++++ DATA SEGMENT ++++

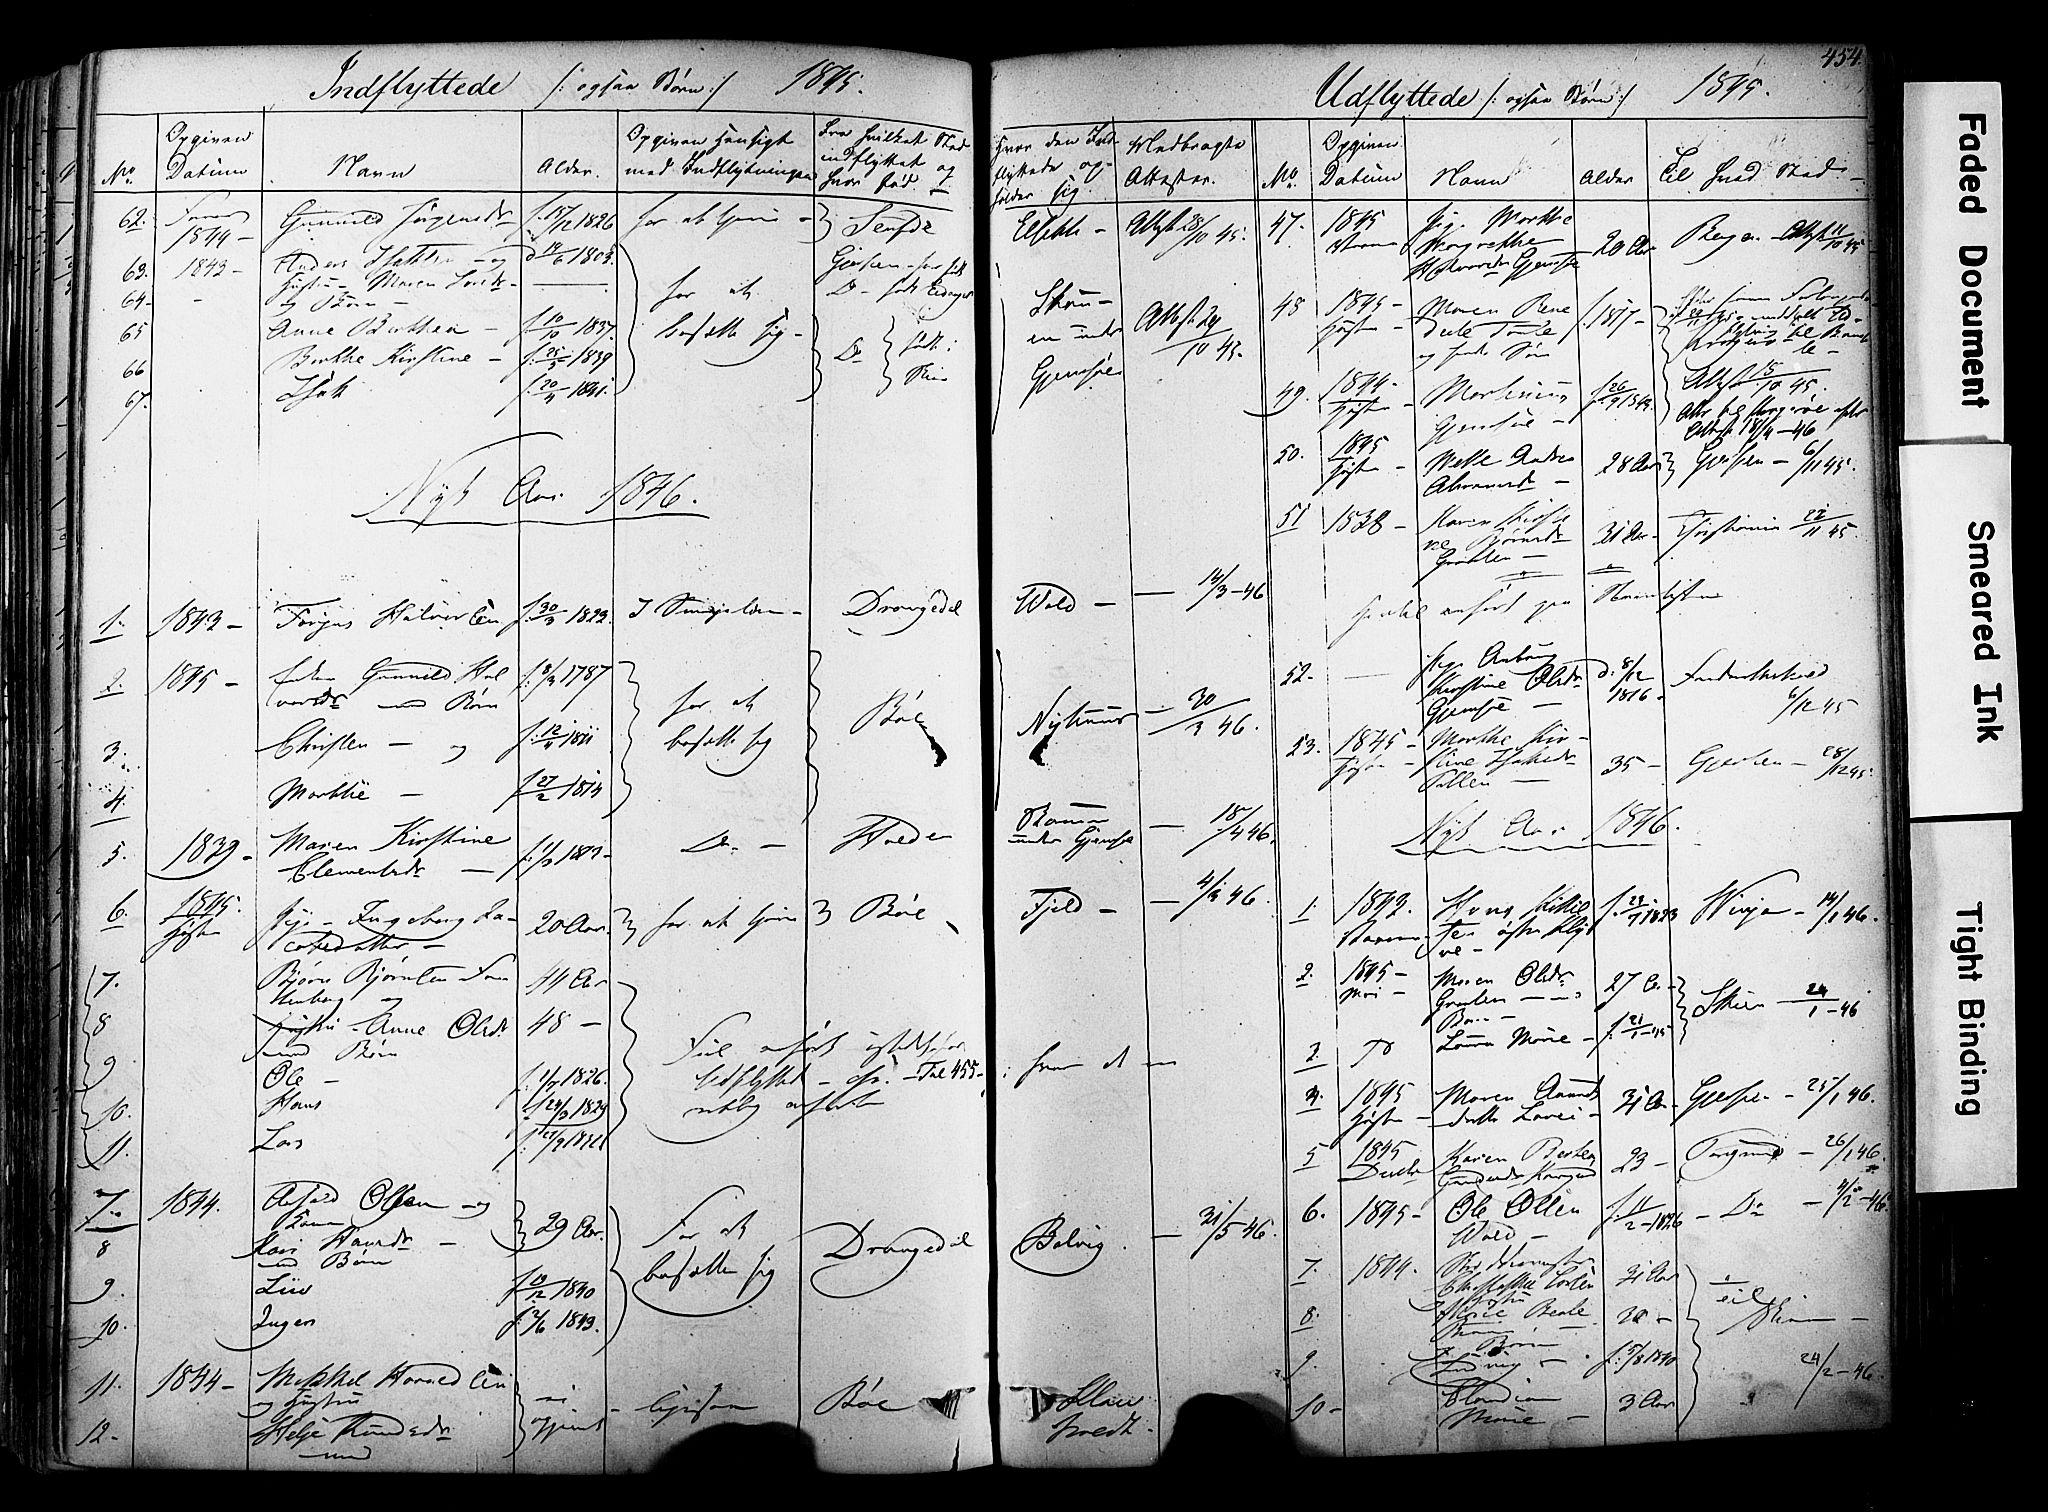 SAKO, Solum kirkebøker, F/Fa/L0006: Ministerialbok nr. I 6, 1844-1855, s. 454
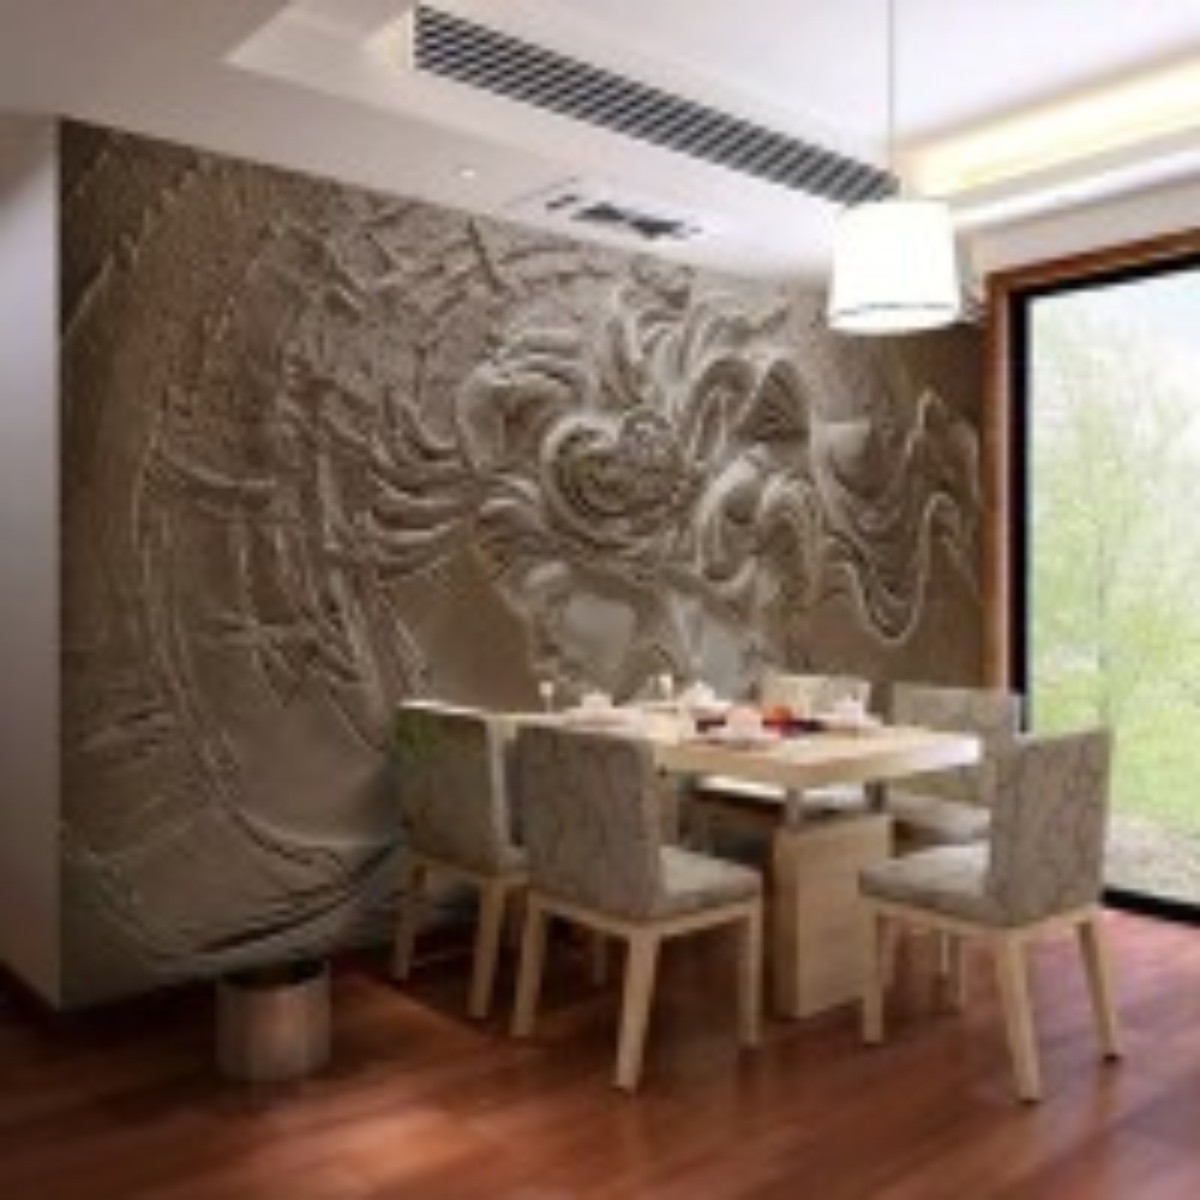 3D Embossed Look Cement Female Sculpture Wallpaper Mural
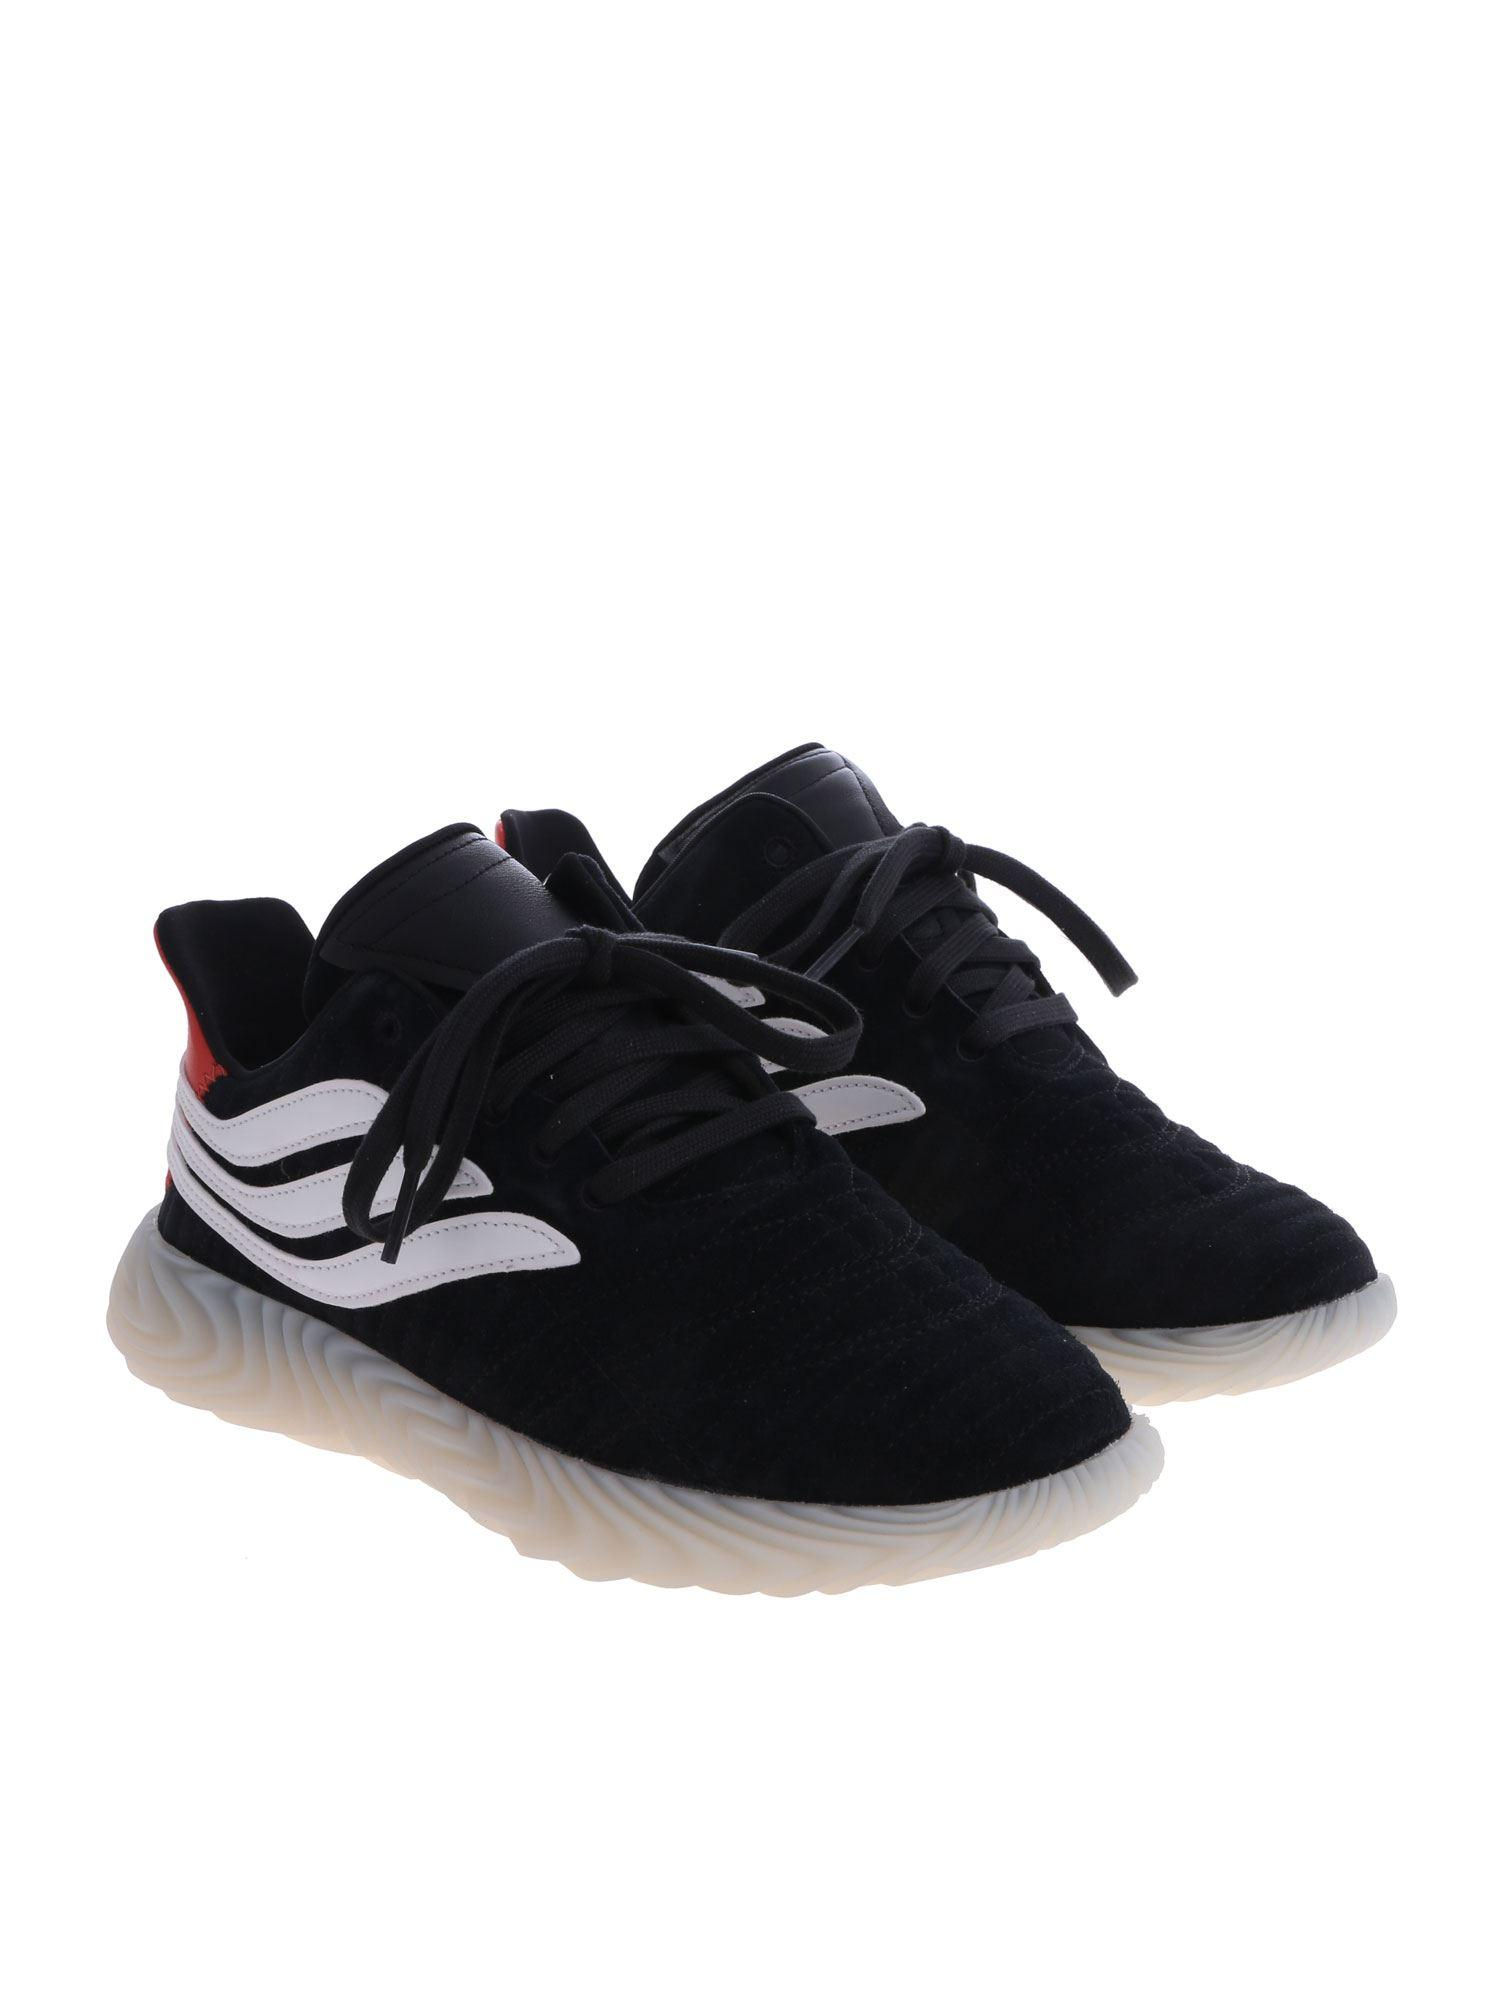 size 40 42697 95158 Lyst - adidas Originals Black Sobakov Sneakers in Black for Men

++++

_WORK TASK_. An exact copy of the lines from the line containing "3D Embossed Look" through the final line of the listing, without pictures, is the expected result.

_SOLUTION TO THE EXERCISE_.
 3D Embossed Look Cement Female Sculpture Wallpaper Mural
 size 40 42697 95158 Lyst - adidas Originals Black Sobakov Sneakers in Black for Men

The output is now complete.